Victor Ferkah (born 9 October 1986) is a Ghanaian broadcast journalist and radio personality who currently works for Sky FM (96.7) Ghana as part of his community service. Aside from radio, he works full-time as a senior administrative assistant at the University of Energy and Natural Resources in Sunyani. Ferkah is also the Founder and CEO of the Ferk Relief Foundation, a non-governmental organization based in Sunyani, Ghana.
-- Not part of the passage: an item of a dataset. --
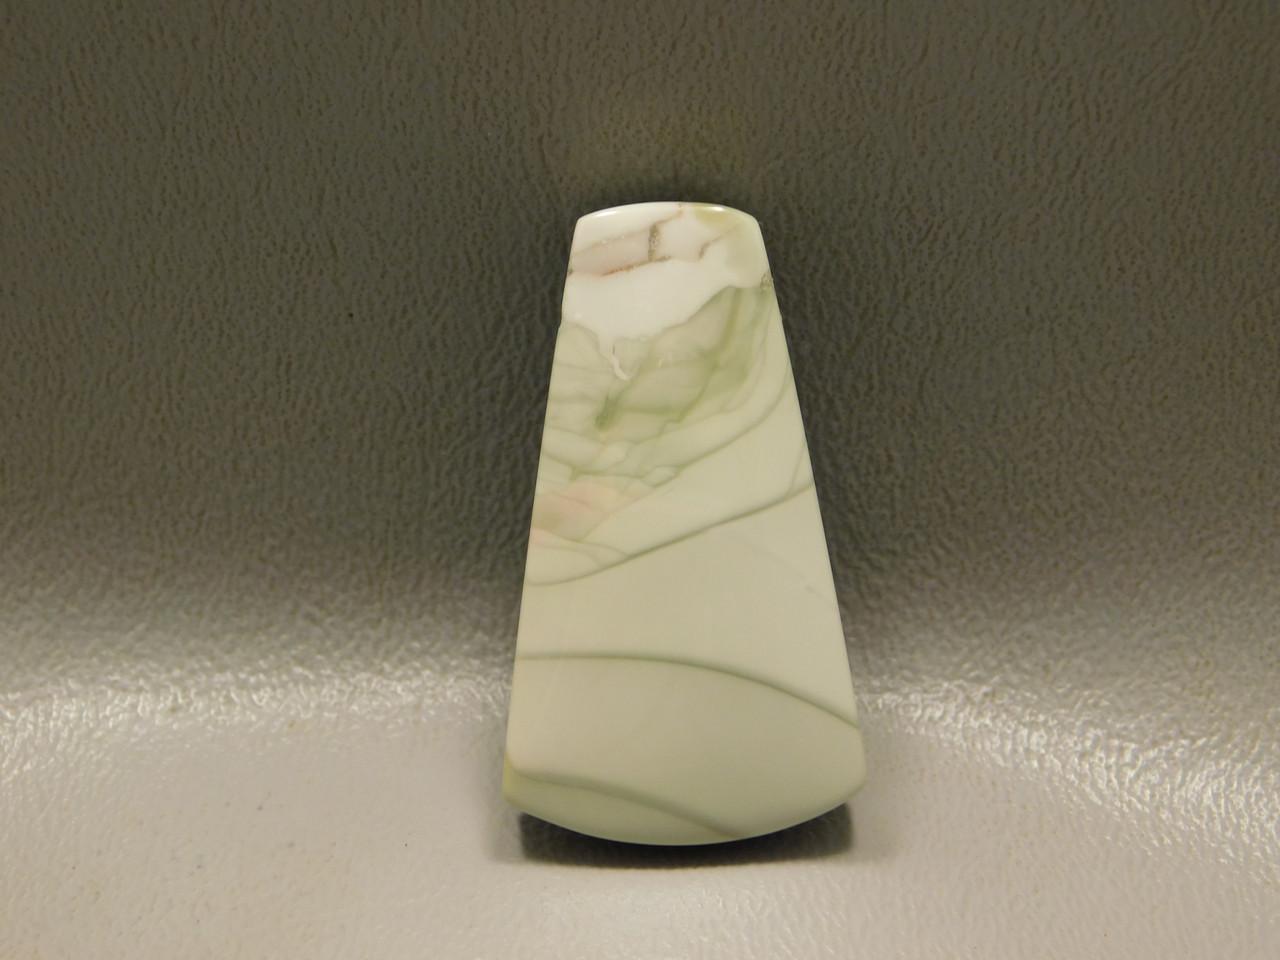 Willow Creek Jasper Drilled Stone Bead Pendant #9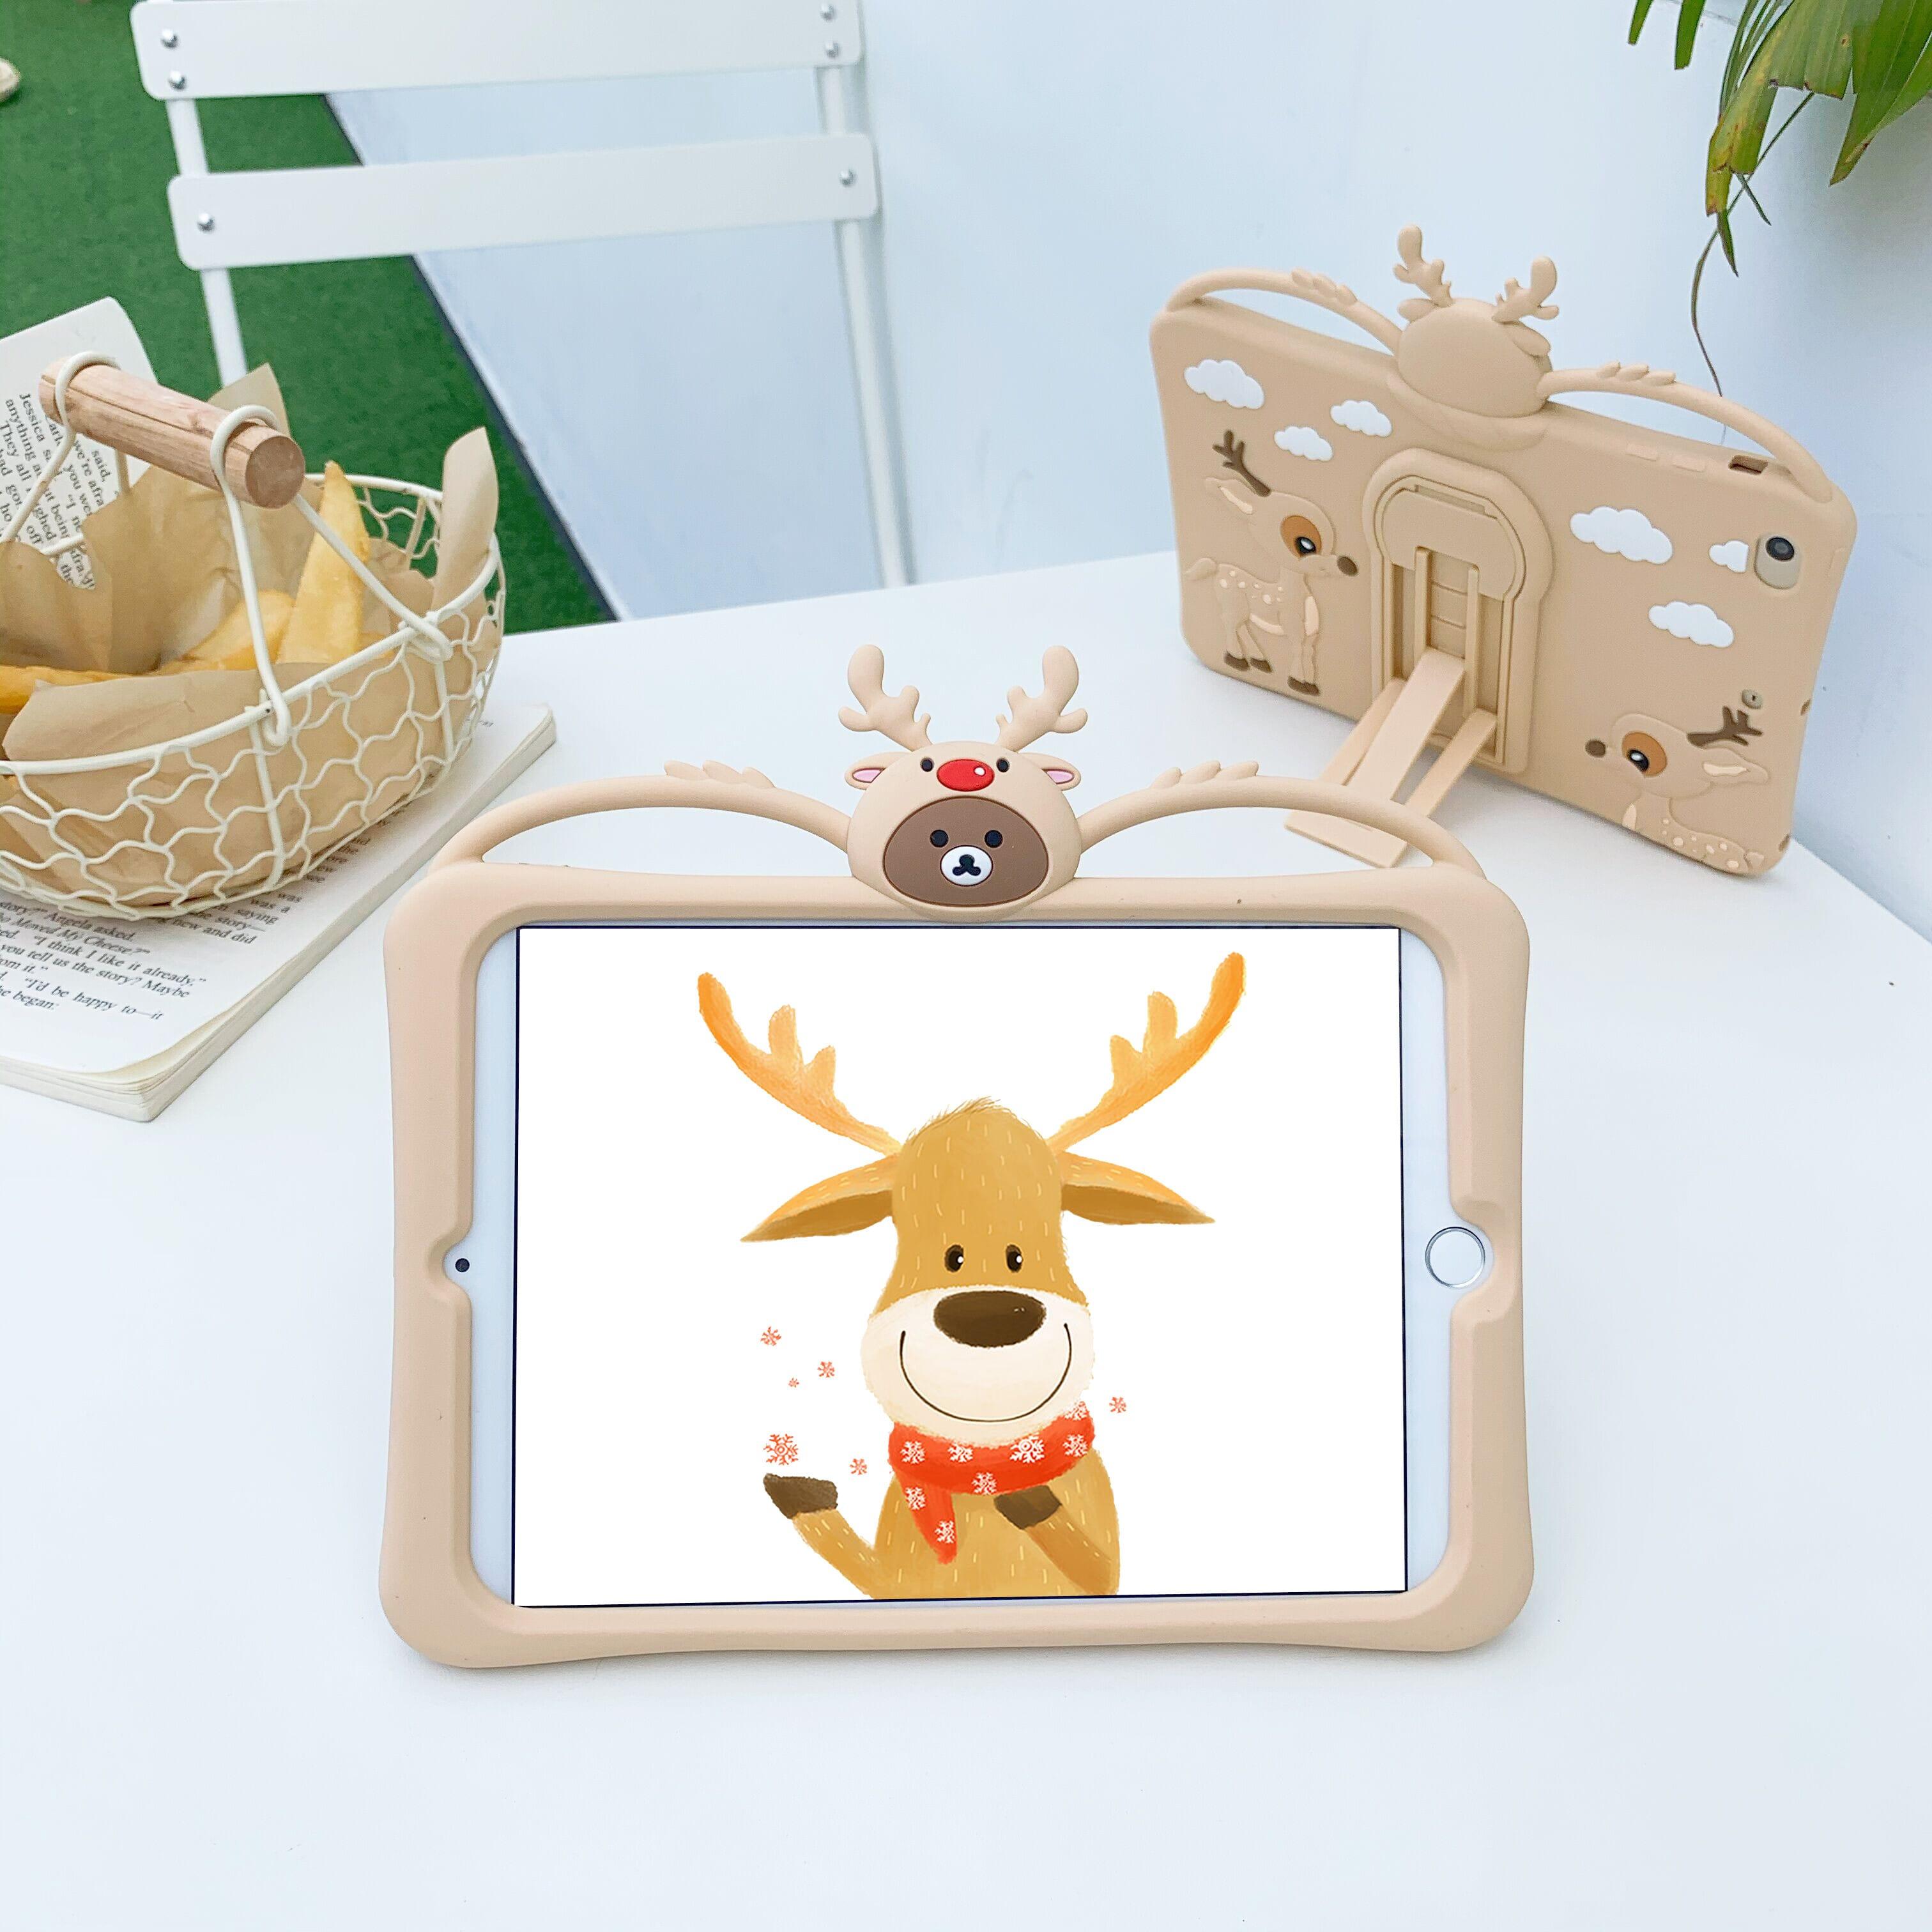 Trolsk Kids Case - Reindeer

He is a graduate of the Catholic University College of Ghana (Fiapre) and a student of law.

==Early life==
Ferkah began his early education at Light International School at Wamfie, completed his Junior High School education at Voice of Deliverance Junior High School, Berekum in 2004 and went on to attend the Kumasi High School in 2004. After his high school education, he attended the Catholic University College of Ghana, Fiapre, where he offered a Program in Public Health and Allied Sciences (Health Management option).

==Personal==
Ferkah is the eldest child of David Okrah and Comfort Sekyeraa. His father is from Nsonsonmea, a suburb of Sampa in the Jaman North District of Ghana who served as a Purchasing Clerk for the Produce Buying Company at Sefwi, Bonsu-Nkwanta in the Western North Region. Aside from this, he is also a cocoa farmer. His mother, Comfort Sekyeraa, is a farmer from the village of Gonasua in the Jaman South District of Ghana.

==Journalism career==
Ferkah was among few persons selected by University of Energy and Natural Resources in Sunyani, to start a campus-based radio station, Greena FM in Sunyani, Ghana. In 2019, he joined Sky FM (96.7) where he currently serves as a broadcast journalist.